# My 1st grow, very hairy



## Largek

Let me know what you think about my bud, it all smokes great and super sticky but it's just so hairy and I'm wondering why...don't know if I'm happy or not 

View attachment image.jpg


----------



## Locked

What were the Trichomes at when you harvested?  Almost looks like they might have been taken a bit early.  Hard to tell from that pic and without info on the grow.


----------



## Rosebud

That happened to my outdoor grow on one variety last summer. It is weird when it is all hair, but she smokes just fine.


----------



## Kindbud

looks a lil early to me how many weeks was it??


----------



## MR1

Another question, did you grow with fluorescent or hid?


----------



## Rosebud

Mine that looked like that was in over 100 degree heat, did your room get real hot?


----------



## jingo

Rosebud said:


> Mine that looked like that was in over 100 degree heat, did your room get real hot?



That's my first guess to hot next guess nitrogen in flower. Do you cure in jars?

That can compress them more with a long cure.


----------



## Locked

Yeah I also thought heat problems. Looks like the buds never got that final swell.


----------



## Rosebud

I was so ticked when that happened but now it is fine, buds fit right in the pipe just perfect and man it gets ya stoned. People complain it is too strong... Nurse Larry.


----------



## Amateur Grower

I'll tell you, I bet you still got some decent herb.

AG


----------



## BudGrower

wat humidity affects on the plant ?


----------



## Rosebud

I didn't have any humidity here BG... I think some varieties do that when they get too hot but it doesn't hurt the end product.


----------



## Largek

Sorry for the late reply but thank you all for your replays. There was a few days where the grow room got a little hot up to around 90 usually around 75 though. The tri!s where about half milky n half clear. I used a hps 1000 w grow light. The bud smokes great gets me la nice strong high.( deff no complaits in that department. But after letting them. Ure a few more days they r starting to look a lil bit better.

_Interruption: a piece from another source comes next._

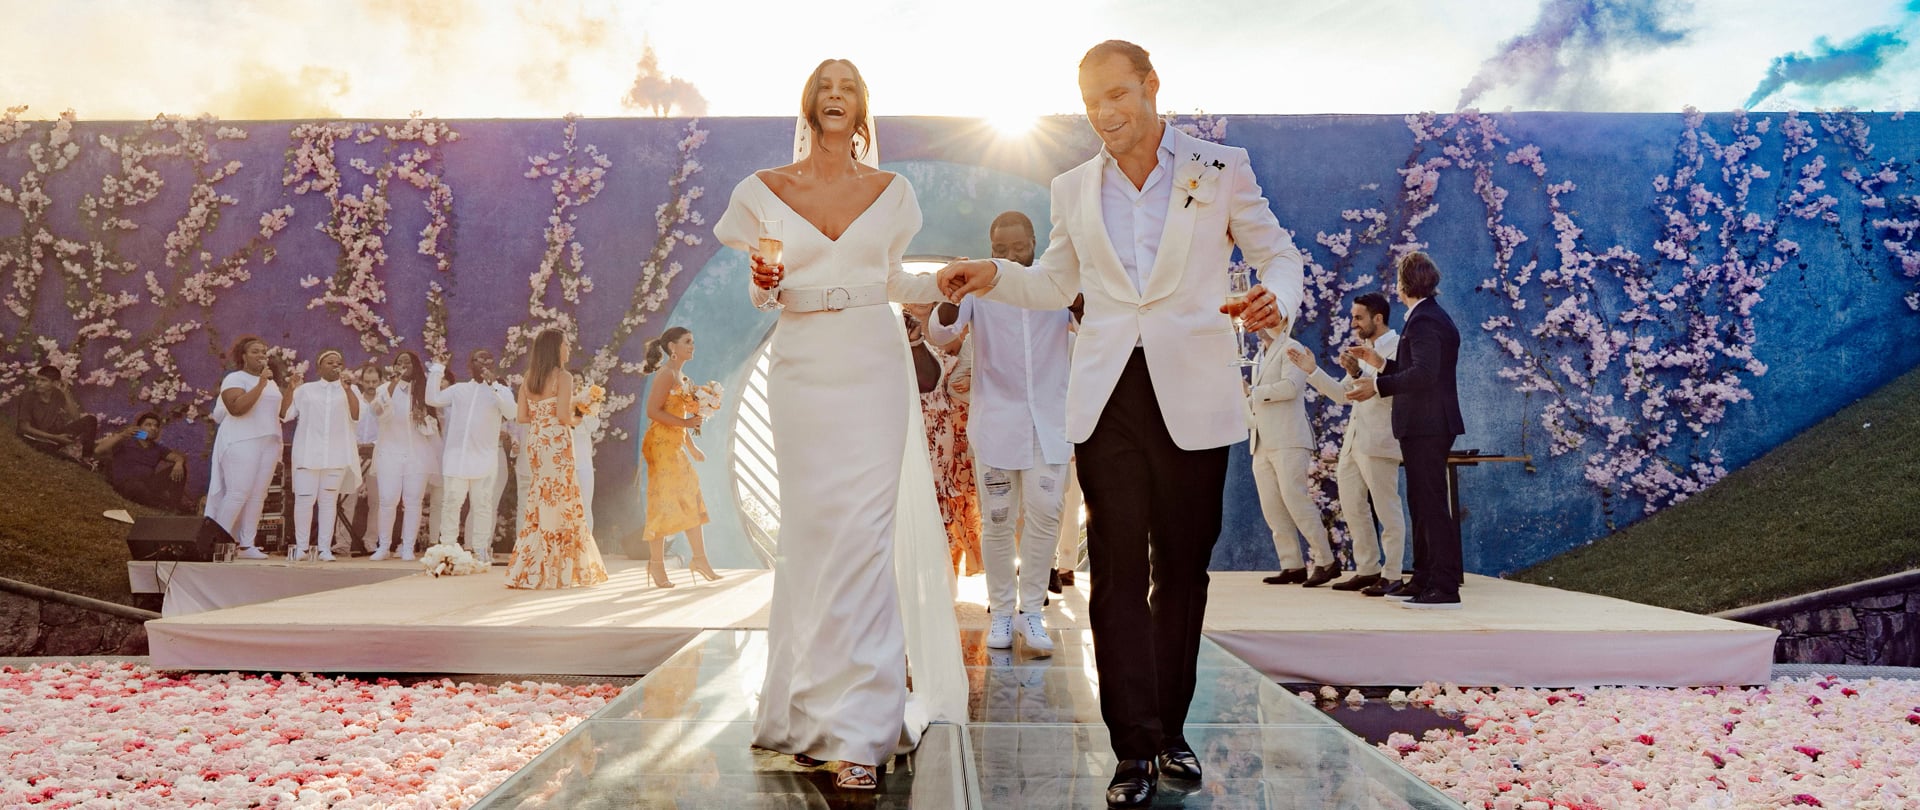 Charlotte & Tom Wedding Video Filmed at Careyes, Mexico

Again thanks for all your input guys very much appreciated


----------



## Largek

Also I veg them for 4 weeks they were harvested at week 8 of flower. Grew in coco with house and garden nutes. Used bud Xl the Last 3 weeks in flower


----------



## Hackerman

My buds are always hairy on my regular Sativa. It's just a characteristic of the strain. I like the little red hairs. Looks cool and they taste great.


----------



## Largek

Yeah I just starting to think there is nothing wrong with it just me trying to be a perfectionist


----------



## Kindbud

they arnt 2 more weeks is what they needed needed did u see any amber or just milky and clear sativa goes for 10+ weeks usually


----------



## Locked

So odds are if you harvested at 8 weeks that they could have gone another week to 10 days.  I always let my plants go to at least all cloudy with no clear.  Jmo


----------



## EsC420PoT

Ya the first thought that came to mind when I saw the first post of this thread was (slight immature harvest) You should harvest by the color of your triches not the average time span that the strain is usually done at. There are always diff. variables that come into play which may need more time or less depending on your specific set up and techniques. Therefore you harvest by the color of trichs. Most people harvest when its a dark Milky amber, however this depends on personal preference as my good buddy harvest as soon as his trichs get a thick milky white. He states the high is more relaxing and not to intense this way. For me, I like my Meds to be as strong as possible, so I go with the Slight dark yet slightly light ambered color. I feel this is not to over matured, yet not to young. I in my first grows (especially out door) I ALWAYS cutt to early, and it wasn't because I was to anxious to smoke, it was cause I honestly felt it was done... A lot of the time, they looked exactly as your picture above. I feel you harvested like my buddy did when they were just barly starting to turn a dark milky white, therefore you have very long hairs that were at one point going to be the girth of the buds, but due to harvesting early, are now just long *** hairs lol. At least thats just my honest opinion.


----------



## mrnice

Obviously sativa dominant and tbh ive grow afghan haze and near perfect conditions and they never got hard buds just all airey like yours but man amongst the strongest weed ive ever grown although it tasted like **** diesel fuel.
Mrnice


----------